Is Zhuque-3 a "Domestic Falcon 9"?
Yaxian: Many netizens call Zhuque-3 the "domestic Falcon 9." What's your take on this comparison?
Dong Kai: The Falcon 9 is a proven configuration validated by engineering. We studied it and recognize its rationality—this is learning, not copying. I consider "domestic Falcon 9" high praise. It's the world's only stably operating heavy reusable rocket, a target we aspire to ("see the worthy and seek to equal them"). It launches about 150 times a year, with a record of 32 reuses for a single booster—that's the direction we're working toward.
Yaxian: The design also borrows from Starship, like stainless steel body and liquid oxygen-methane engines. Elon Musk said Zhuque-3 might surpass Falcon 9 within five years. Is that realistic?
Dong Kai: Engineering borrowing requires understanding the why. As for surpassing it in five years, I'm actually not that optimistic. Falcon 9 alone launches about 150 times a year, roughly three times a week. All of China's space launches across all models this year total about 100. For one company to reach that frequency is extremely difficult—it takes an entire ecosystem. I prefer to see his comment as encouragement and motivation.
Yaxian: Without reusability, could existing technology achieve three launches a week?
Dong Kai: Very difficult. This isn't an either-or. Manufacturing capacity expands the base; reusable technology is a multiplier. We focus more on "delivery capacity"—the weight of payloads put into orbit per unit time. If a recovered rocket can relaunch in ten days, one vehicle can fly multiple times a year. Reusability isn't the only path, but it's currently the fastest and most effective.
Yaxian: This would also dramatically reduce costs.
Dong Kai: Yes, but more precious than material cost is time cost. In engineering, time is the scarcest resource. If I could trade twice the money for half the time, I'd do it without hesitation. Reusable technology is precisely about winning us time.
Yaxian: Let's talk about this launch. From project initiation to now, it's been just over two years. What goals were set before the maiden flight, and how were they met?
Dong Kai: Project initiation was in August 2023, with the plan formally announced in December. Last year the company said there would be three launches in 2025. That target wasn't particularly stressful for our team—it was based on actual production capacity at the time, and the hope was to complete first-stage recovery within those three flights. The company actually had greater tolerance for the maiden flight goals.
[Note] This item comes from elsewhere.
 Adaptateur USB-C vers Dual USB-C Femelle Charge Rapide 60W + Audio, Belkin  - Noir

Of course, as a launch mission, we had clear evaluation criteria. When the rocket passed its factory review in September, the flight outline separated orbit insertion and recovery into independent evaluations. For orbit insertion, based on perigee altitude, there were three grades: "complete success," "success," and "failure." For recovery, it was simple: standing on the landing site for one minute without falling over was success; otherwise, failure. Only both together constituted mission success.
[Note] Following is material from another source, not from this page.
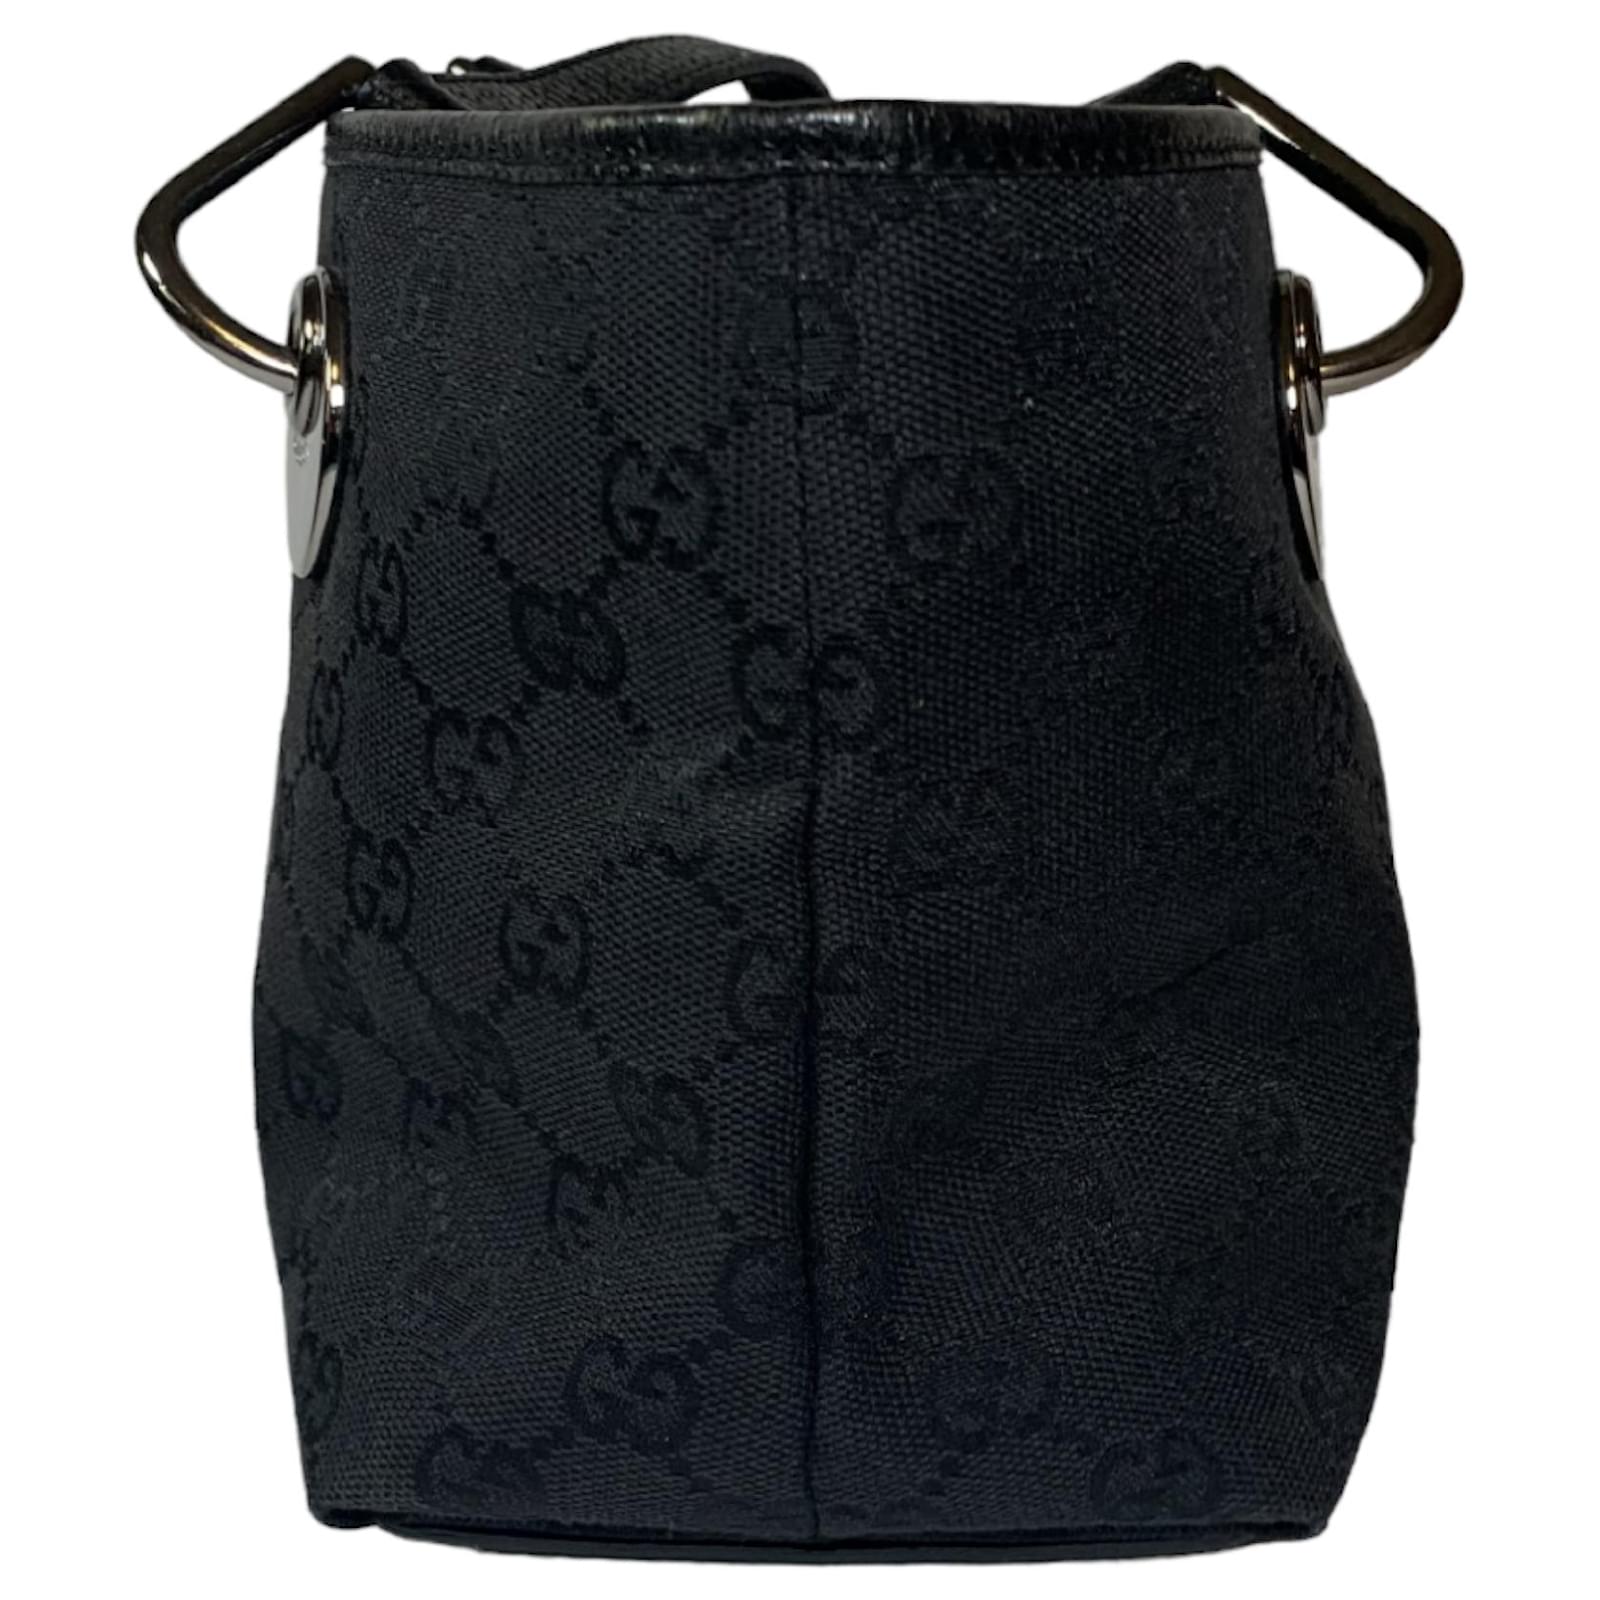 Gucci Canvas Shoulder Bag Black GG canvas silver hardware one shoulder bag

Before launch, we set four standards: successful orbit insertion with perigee above 170 km and successful recovery would be "complete success"; perigee above 130 km would be "success"; achieving only one of orbit insertion or recovery would be "partial success." In the end, the commander announced "complete launch success," referring to orbit insertion fully meeting standards; the overall mission was "partial success" because recovery wasn't achieved.
From the team's internal perspective, this result is acceptable. But all our preparations and inner expectations before launch were aimed at "complete success"—hoping for an undisputed victory. So when we saw the recovery segment proceed to 4 km from the ground, about 2 km before landing ignition, we really almost thought we would succeed. At that final moment, some colleagues on site were so moved they shed tears—it was still somewhat regrettable.
But overall, it met expectations. Before launch, I told everyone that as long as we could hold out to reentry ignition (around 80 km altitude on the return leg), we would have already crossed a major threshold—this was expectation management. But we definitely aimed for the best and prepared for the worst. In fact, we had contingency plans for even worse scenarios.
Yaxian: Watching the recovery video, the landing point was just a hair from the designated site. Online, some said quite a few cameras nearby were destroyed in the explosion.
Dong Kai: The landing point was indeed extremely close. From a guidance perspective, once we passed 40 km altitude and shut down reentry ignition, the subsequent sequence was basically what we'd already validated in our 10 km flight test. At landing ignition, we were already very close to the recovery ship—colleagues could see it with the naked eye, someone was shouting "It's coming, it's coming." At that moment, we were truly very close to success. But engineering is like this: success is success, failure is failure—there's no intermediate state.
How Would You Score This Maiden Flight Engineering-Wise?
Yaxian: If you had to give this mission a score from the heart, what would it be?
Dong Kai: I've seen evaluations saying orbit insertion was a required question, full marks; recovery was a bonus question. Some leaders encouraged us, saying this was already 95 points. But the charm of aerospace engineering is that it doesn't need self-promotion or subjective scoring. As our program chief commander Director Dai used to say: for rocket launches, success and failure are 0 and 1.
So currently, orbit insertion is 1, recovery is 0. Although from a time perspective, the second stage completed its full 3,000-plus-second process, and the first stage's actions were normal for the first 450 seconds (about 90% of the time), falling just short at the end. But quantitative scoring is subjective—netizens or outsiders can comment freely. As the person responsible for this model, I won't engage in such controversial quantification: without success, it's 0.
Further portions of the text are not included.